In 1996, Congress enacted the Food Quality Protection Act (FQPA)[3] which amended the Federal Insecticide, Fungicide, and Rodenticide Act (FIFRA)[4] and the Federal Food, Drug, and Cosmetic Act (FFDCA).[5] The FQPA revamped FIFRA and FFDCA to change the way in which pesticide chemical tolerances were evaluated.[6] The amendment required reassessments of all existing pesticide tolerances and then to reassess registered pesticides every fifteen years.[7] After extensive research, the EPA released several risk assessment memos concluding that chlorpyrifos was dangerous to human health and that restrictions are required to protect the public safety.[8] Subsequently, the EPA banned the majority of household chlorpyrifos products and set limitations on aerial spray areas.[9]

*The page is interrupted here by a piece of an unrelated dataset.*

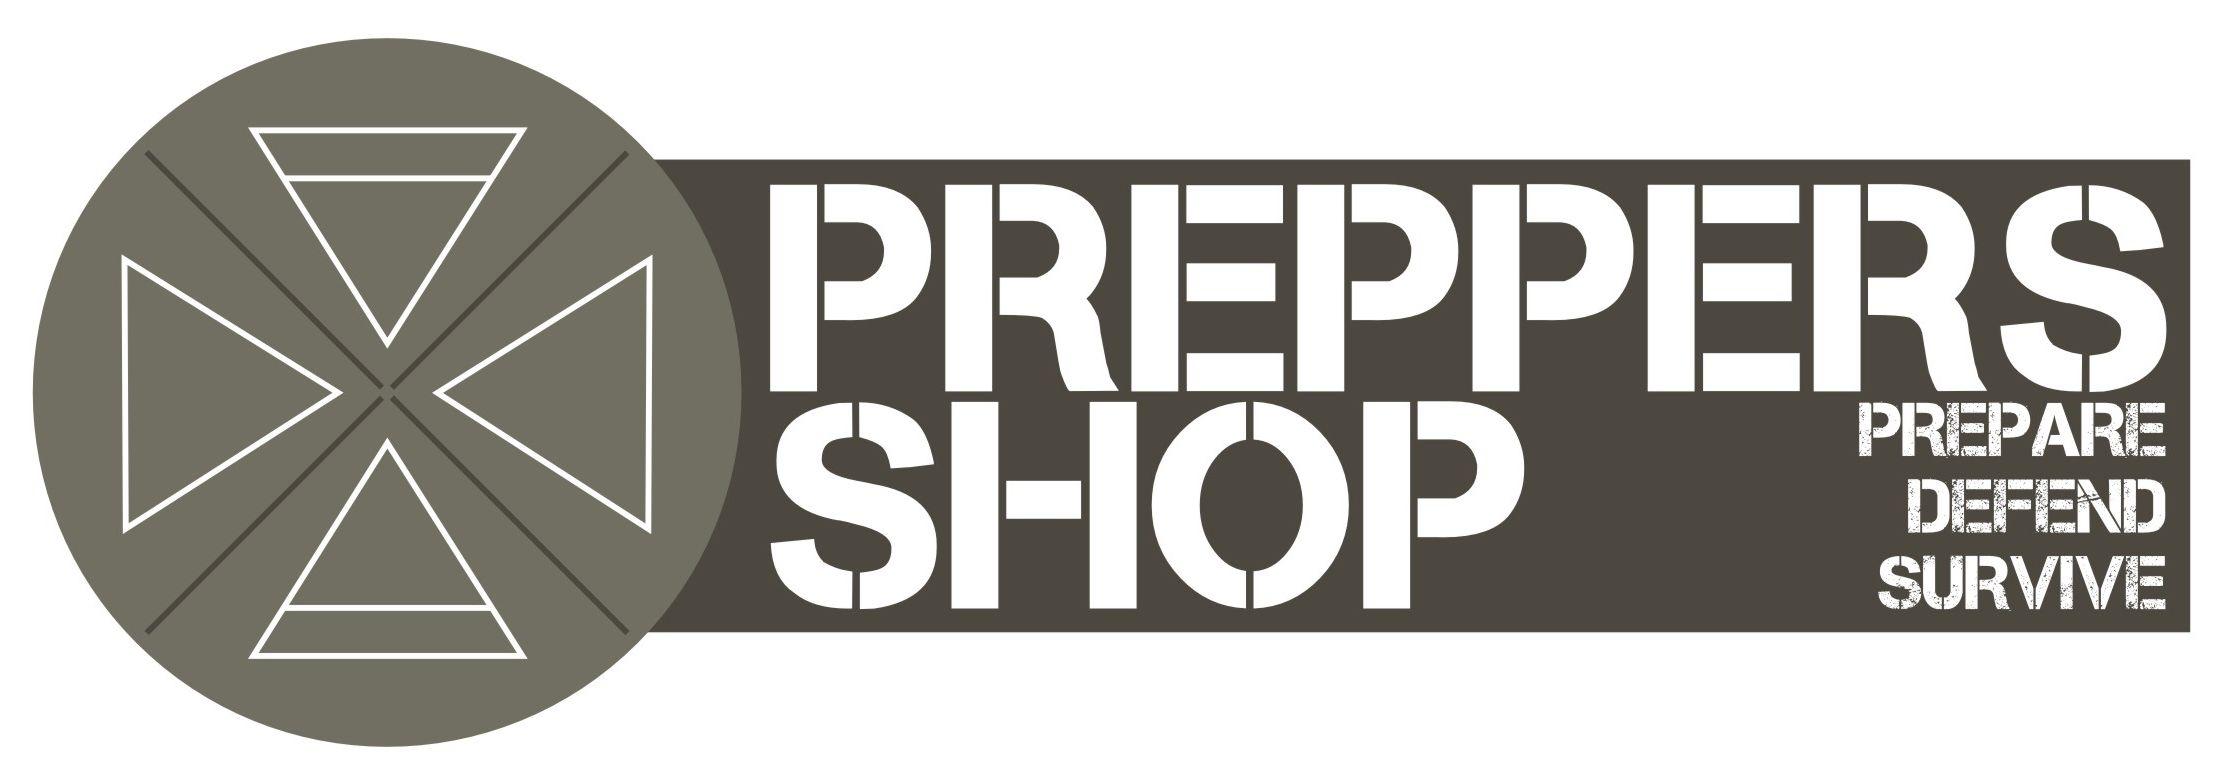 Preppers Shop Preppers Shop UK in the Media

However, wanting more, environmental groups have petitioned for the EPA eliminate all chlorpyrifos tolerances to adequately protect the public health.[10] EPA responded to the petition with an Initial Denial Order to keep the chlorpyrifos tolerances at the current levels.[11] The environmental groups sought judicial review of EPA’s order with the Ninth Circuit Court of Appeals.[12] As a result, the Ninth Circuit ordered EPA to revoke all chlorpyrifos tolerances  and cancel all registrations of chlorpyrifos;[13] however, the EPA refused to do so.[14] On September 12, 2018, the EPA filed a petition for an en bancand panel rehearing to contend that the Ninth Circuit does not have jurisdiction to review an Initial Denial Order and to order the EPA to revoke all chlorpyrifos tolerances.[15] On February 6, 2019, the Ninth Circuit granted EPA’s petition and ordered the case be reheard en banc, effectively overruling its order to EPA to ban chlorpyrifos.[16]

This Note will observe whether the en bancrehearing will find that the Ninth Circuit has jurisdiction under FFDCA and FIFRA to review an Initial Denial Order and to order the EPA to revoke all chlorpyrifos tolerances. Part I will discuss how the court has the authority to review Initial Denial Order under FFDCA. Part II will discuss how the court is allowed to direct EPA to take specific actions. Last, Part III will discuss how the court previously did not perform a thorough FIFRA analysis and erroneously ordered EPA to cancel the registration of all chlorpyrifos products.

[1]Chlorpyrifos Technical Fact Sheet, Nat’l Pesticide Info. Ctr., (last visited Sept. 27, 2018).

[2]Memorandum from Debra Edwards, Director of the Special Review and Reregistration Division of the Office of Pesticide Programs, to Jim Jones, Director of the Office of Pesticide Programs 3 (July 31, 2006) [hereinafter Edwards Memo].

[3]110 Stat. 1489 (1996).

[4]7 U.S.C. §§ 136–136y.

[5]21 U.S.C. §§ 301–394.

[6]110 Stat. 1489 (1996).

[7]Id.; 7 U.S.C. § 136a(g).

[8]Bueschen, An Agreement Between EPA and Pesticide Manufacturers to Mitigate the Risks of Chlorpyrifos, 31 ELR 10452, 10453 (2001).

[9]Edwards Memo, supra note 2, at xii, 3; see generally Memorandum from Danette Drew et. al, Health Effects Division, to Tom Myers, Pesticide Re-evaluation Division (December 9, 2014) [hereinafter Drew Memo].

[10]Petition to Revoke All Pesticide Tolerances and Cancel All Registrations for the Pesticide Chlorpyrifos 1 (Sept. 12, 2007).

[11]Order Denying PANNA and NRDC’s Petition To Revoke Tolerances, 82 Fed. Reg. 16,581 (Apr. 5 2017) [hereinafter Denial Order].

[12]League of United Latin American Citizens v. Wheeler, 899 F.3d 814, 820 (9th Cir. 2018).

[13]Id. at 829.

[14]80 Fed. Reg. 69080 (Nov. 6, 2015); 82 Fed. Reg. 16,581 (Apr. 5, 2017).

[15] Petition for En Banc and Panel Rehearing 1 (September 24, 2018)

[16]League of United Latin American Citizens v. Wheeler, 914 F.3d 1189 (9th Cir. 2019).